One way of finding more out about complex responsive processes, Richard, would be to come to the CMC conference in June. The link is on the blog. It would be good to see you there if you are interested.
Chris
Interesting post and very representative of the problems attached to the creative tension model, where attaining a predetermined vision from a current state is possible as long as one can be clear enough about the vision, understand current reality well enough and then do all the right things to close the gap. Sooner or later acting into this model of the world will create failure, blame and numerous other problematic responses – http://bit.ly/1iWwLa
The creative tension model, often closely linked to systems thinking, seems to me to be very closely linked to common religious views of the world, where if you do everything right, (according to whatever religion you may have affiliation to) during your life, you will be rewarded once your life is over. In essence, the vision is the reward promised after life if only you do all the right things.
I am wondering if this very powerful worldview which manifests in so many different variations may be one of the key foundations of the dominant view of how organizations operate?

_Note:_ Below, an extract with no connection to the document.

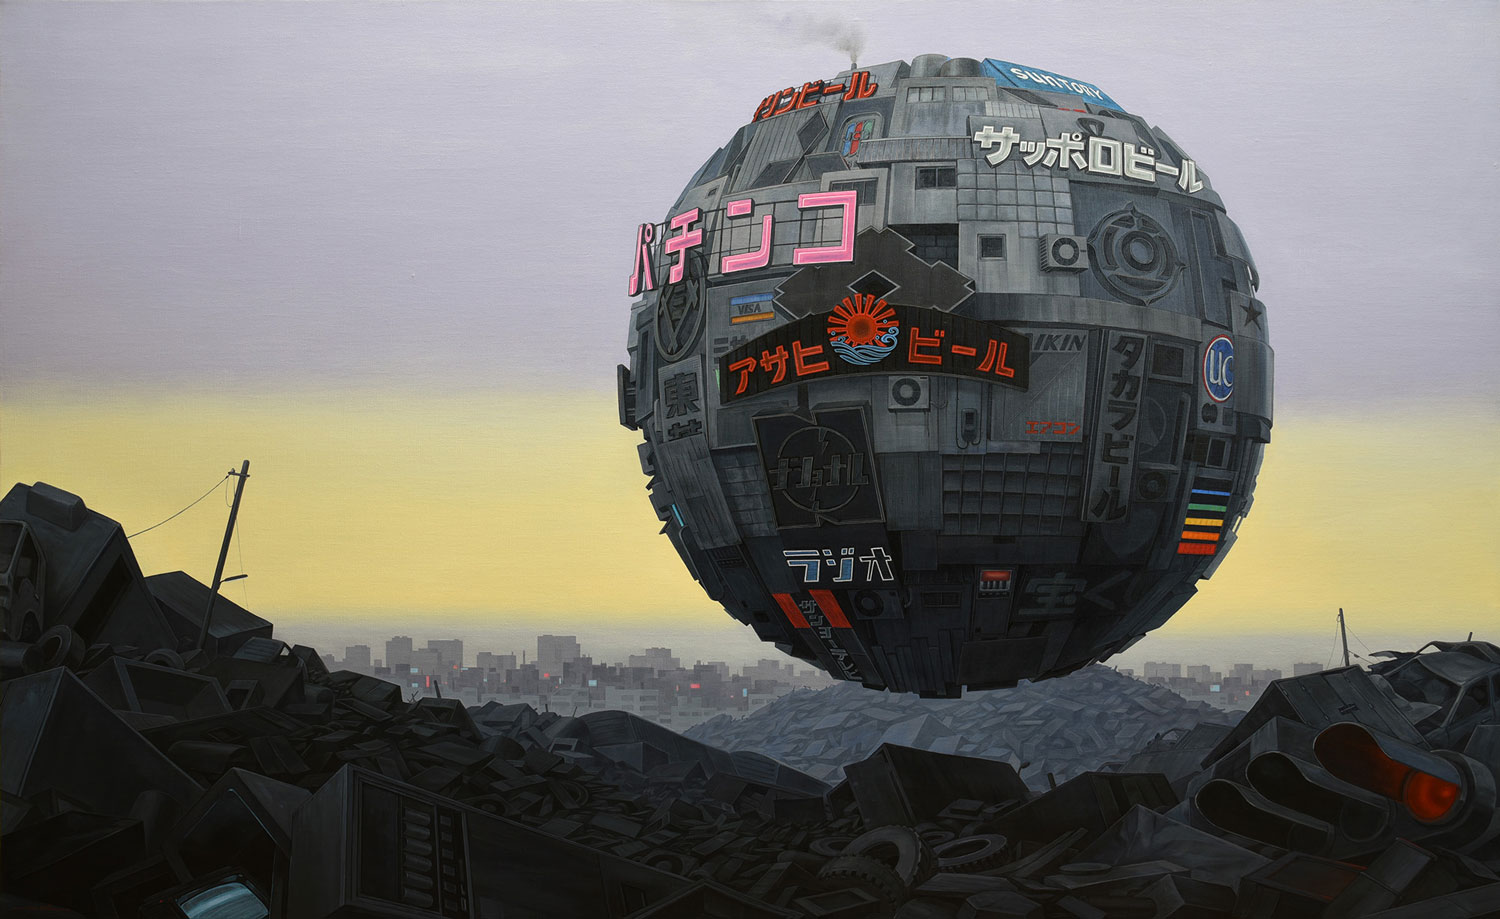 Masakatsu Sashie Illustrates Levitating Spheres

Why is the country in the financial state it is in?
In a discussion which followed the Budget statement this week, a colleague was arguing that the situation we are in is the entire making of the present government! My gut feeling is that there is something inherently wrong with this statement but was unable to articulate why; I still do not think I am there but will I ever get there? I feel that the making was not just the governments, whilst they had a significant involvement as the countries leaders and policy setters; there are other players within the game as it were, carrying out their own actions in their daily lives, all are contributors. But living in chaos or at the edge of chaos?

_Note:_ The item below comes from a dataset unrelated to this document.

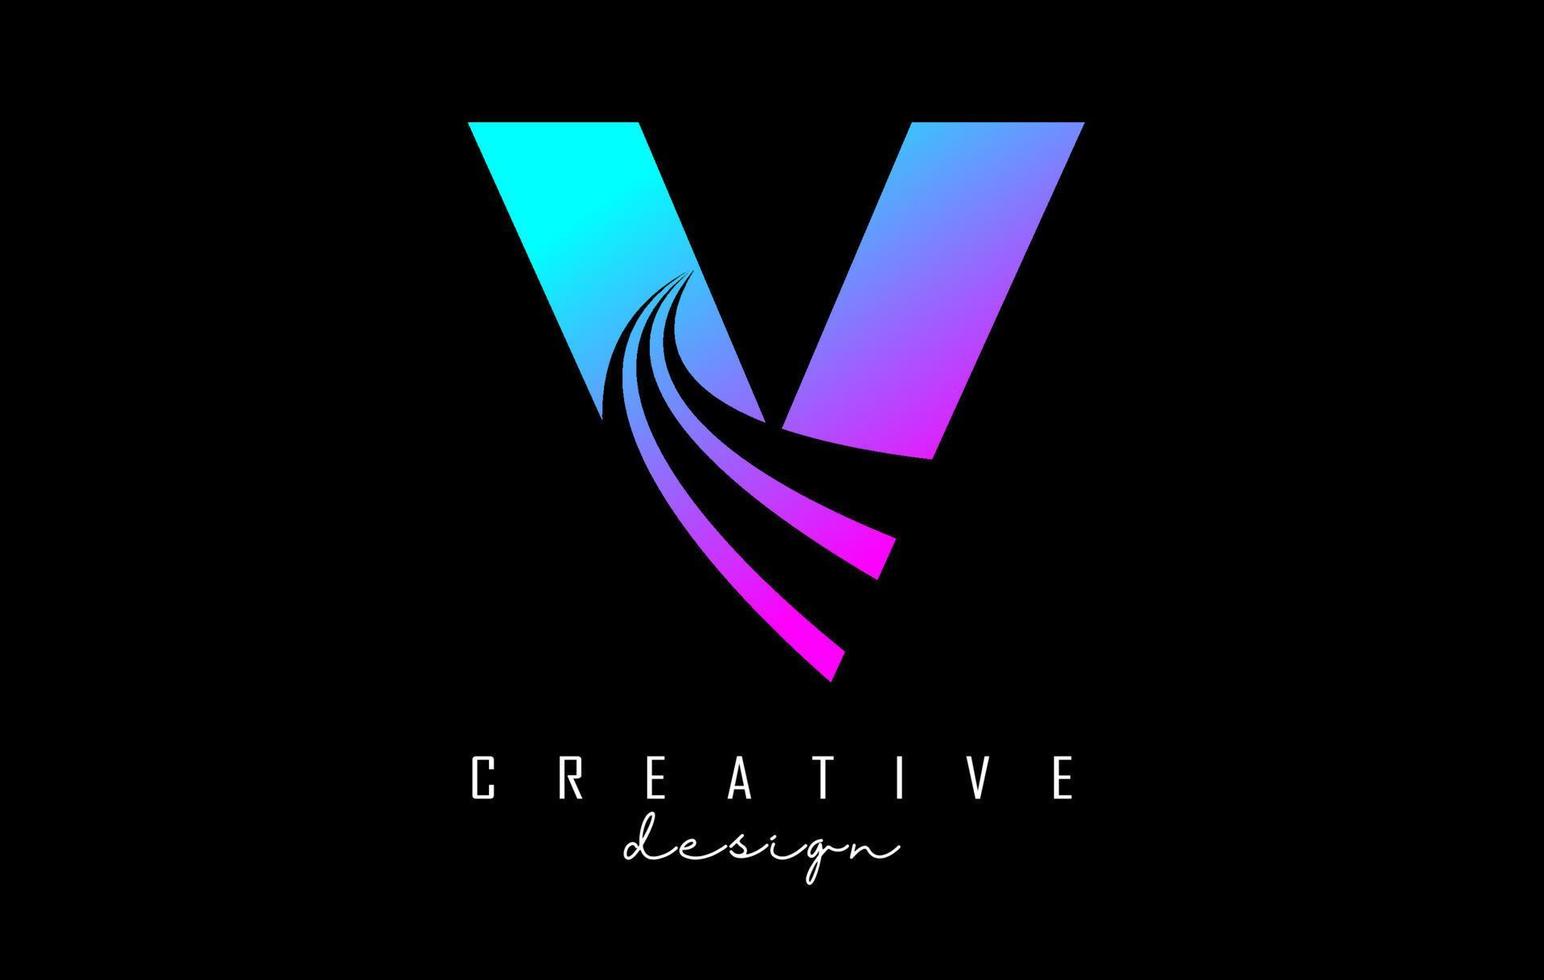 kleurrijk letter v-logo met leidende lijnen en wegconceptontwerp. letter v met geometrisch ontwerp. vector

Mead wrote “However carefully we plan the future, it always is different from that which we previse”, does this mean we only take actions in the living present and then think we can influence the future in a specific manner, surely this is an illusory state; in reality, or do I mean as it appears from this moments perspective, we can only take actions in the here and now and only time can/will tell whether our intentions for the future have come to pass or not.
What does CRP bring to this discussion? As Ralph’s post sets out the stall for CRP and expanded by Chris, the error is in our analysis in taking the exclusive system perspective, the dominant view. Paradoxically I would like to contend that this alternative CRP perspective has to coexist with the dominant view of management and it is in the acknowledgement of this coexistence that we can develop and build a richer view of management, which perhaps will help us in our paths leading to understanding and be better placed to answer such questions as posed above.